# Handplane Basics - A Better Way to Use Bench Planes



## sbryan55

Thanks for the review, Michael. I have a great deal of respect for Chris' abilities and knowledge of hand tools and their use. Having neglected to develope my hand skill techniques for me this looks like a DVD that would be a nice addition to anyones woodworking library who is interested in improving these time honored skills.


----------



## Marc5

This DVD is very well done. Schrawz explains and demonstrates how to use the essential planes as you go thru the processes taking rough cut lumber to a finished board. I found it interesting and helpful as I started leaning more towards hand tools. I would also rate this DVD very high.


----------



## Millo

Mr. Schwarz seems to have quite a few DVD"s on this topic.
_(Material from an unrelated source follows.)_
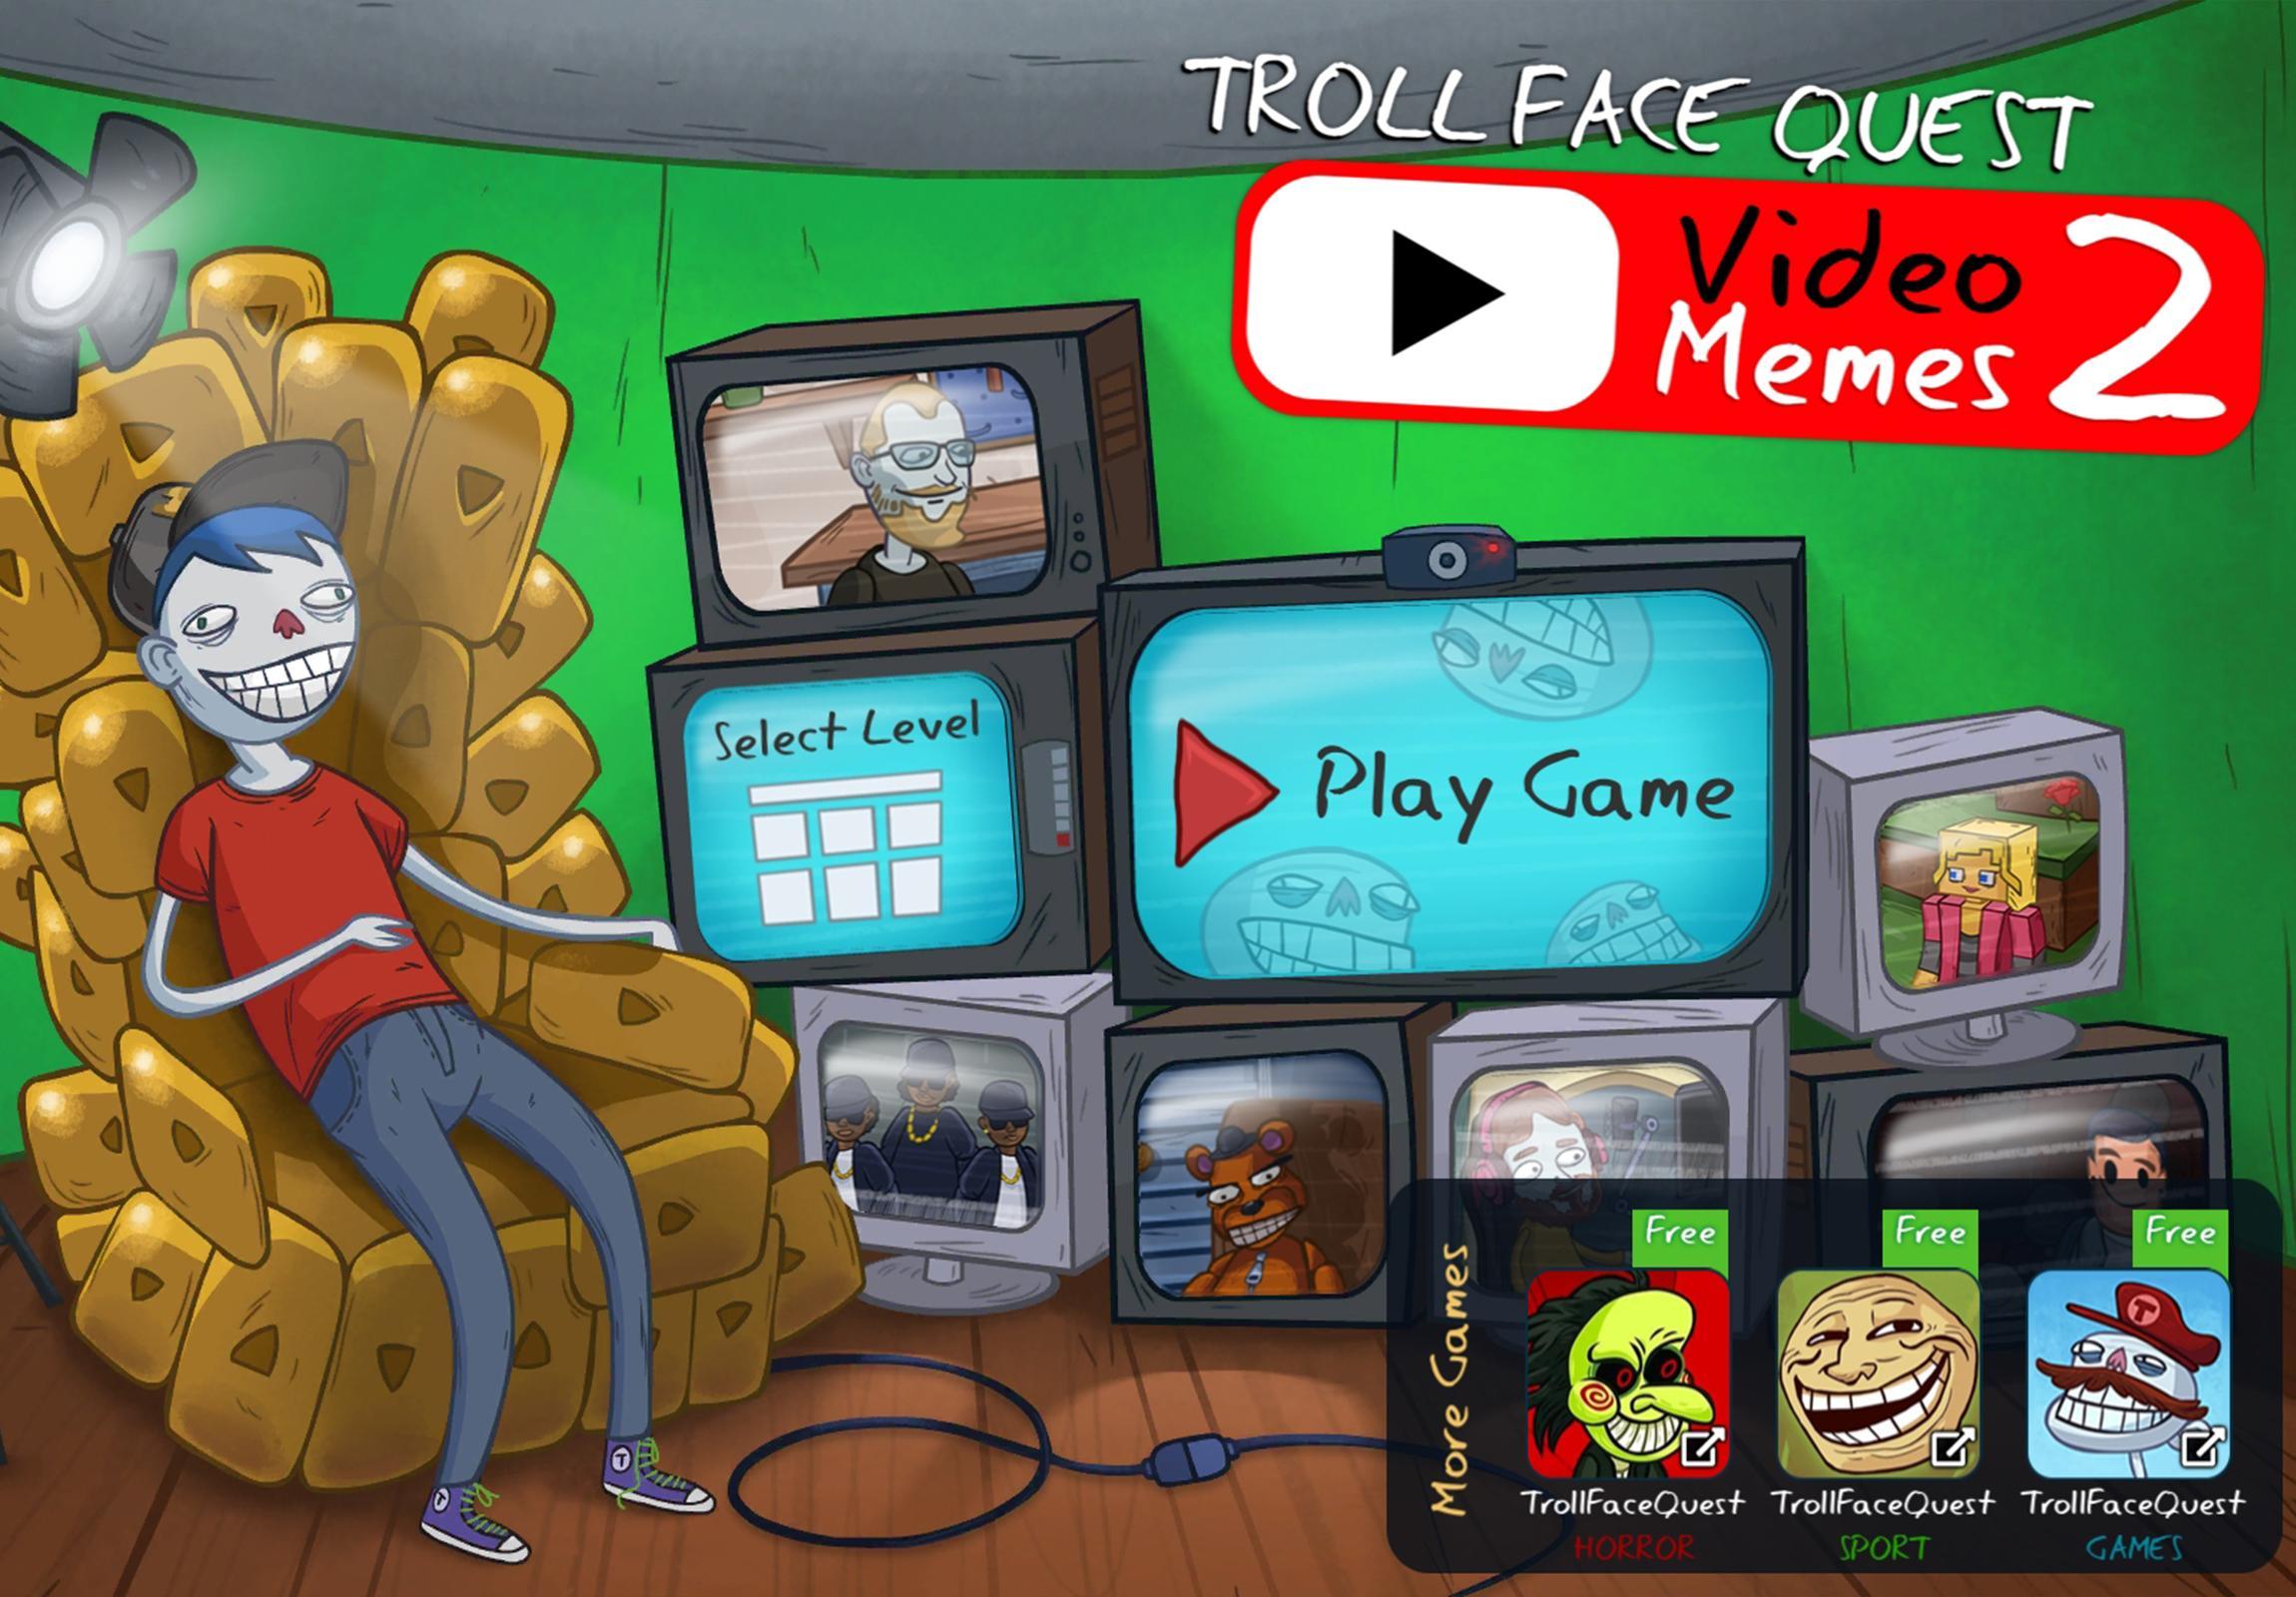 Тролль квест. Троллфейс игра. Troll Quest Video games. Тролль фейс квест. Trollface quest memes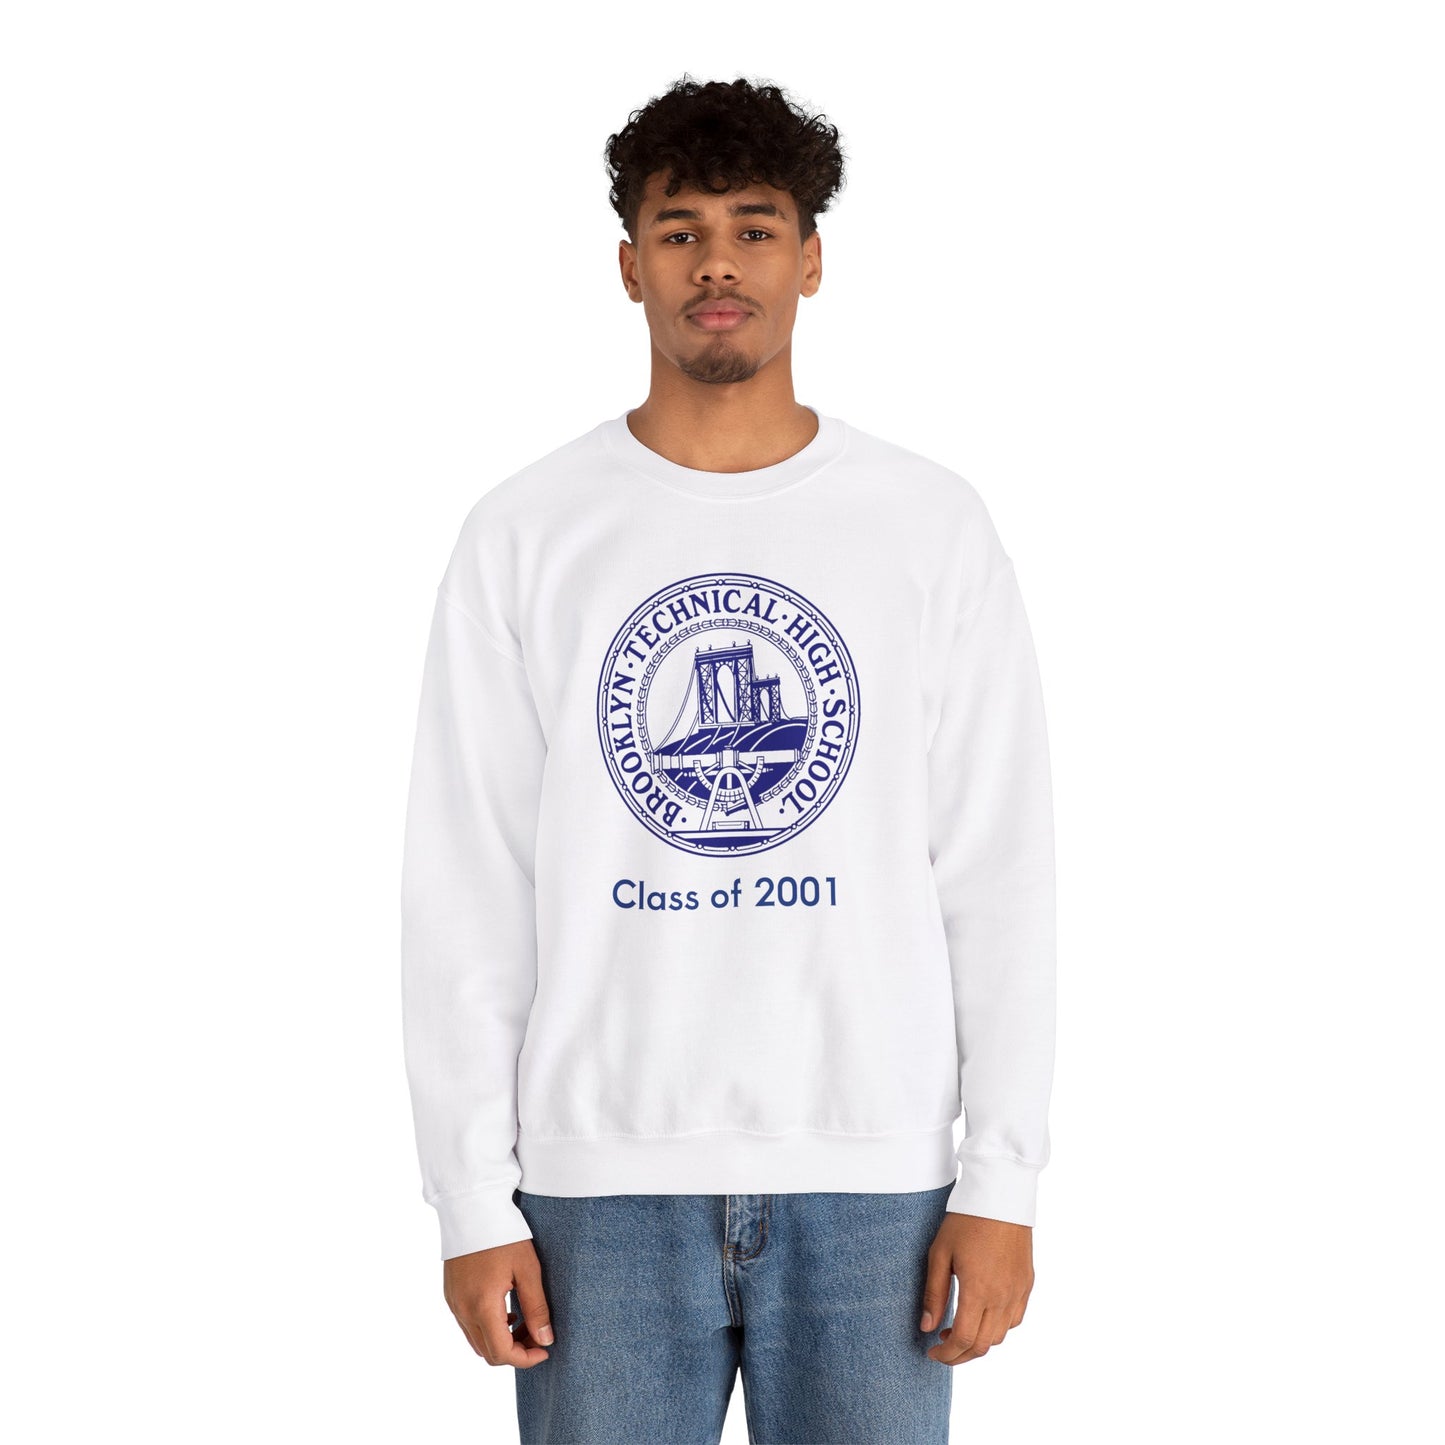 Classic Tech Seal - Men's Heavy Blend Crewneck Sweatshirt - Class Of 2001

I assume by its tile and your recommendation the answer to my question will be a resounding "yes!", but let me ask anyway: is this DVD recommendable over the others FOR BEGINNERS? Thanks!


----------



## Marc5

Yes - I would say it is for beginners or those with little hand plane experience.


----------



## michaelray

Millo -

I'm not sure which DVDs for beginners you are referring to so I can't honestly answer whether or not this is recommendable over any other DVD. Frankly this is the only Chris Schwarz DVD I own so I have nothing to compare it to.

-Michael


----------



## Millo

Hey Michael and everyone else,

Thanks for your reply! I'm sorry, I've been out-of-it when it comes to my old plans of getting into woodworking, getting back in gear after this weekend.

Anyway, last night I browsed around here and the web; the other DVD by Schwarz on the whole hand-plane topic was: "Building Furniture with Handplanes". However, apparently "Coarse, Medium and Fine: Fundamental Woodworking Techniques" focuses on handplanes, as I came to gather from the reviews, even though on the DVD description it is suggested it's a more general topic, tool-wise.

Does anyone have a recommendation on what to get first? To be honest I haven't done any actual work/projects (will be two or three jigs for a circular saw this week), other than practice some joinery a few times with handtools (last "practice dovetail" actually worked, and have done 2 or 3 successful hand-cut dados, tried only one mortise&tenon which was pathetic, and on the 2nd try I destroyed on the of wood pieces so I gave up-all this just joints w/ scrap pieces, no projects…) but I own Stanley #5, #7 and low-angle block planes already. I have successfully sharpened/flattened my cheap Marples chisels, but have done absolutely NOTHING with the planes, except trying to flatten the sole of my CHEAP Stanley block plane; it was a nightmare and it still isn't flat. I decided to stop trying until I got a nice vid on the general usage of planes that I could watch as I worked/set them up.

I also want to get that DVD on handsaw filing by Tom Law sold through Lee Valley and Lie-Nielsen sites (I'm sure other places, too). Since I still need to get a waterstone set, etc, and a bunch of other stuff, I'd like to keep DVD expenses to a minimum-so although I am sure all of Schwarz's DVD's on handplanes are a worthy investment, I wonder which one would be the most recommendable for me. At the moment I am leaning toward this one, although I guess it doesn't cover block planes. I know Michael has not seen the others, but wondering if anyone else has any suggestions? Sorry to be so annoying!


----------



## clada

Hi Michael, yesterday I was asking for advice about this same DVD, can you tell me what's the length of it
Thanks


----------



## a1Jim

Thanks for the review.


----------



## michaelray

Hey Boris,

The packaging indicates it's 70+ minutes.

Michael


----------



## clada

Thanks, Michael, nice blog


----------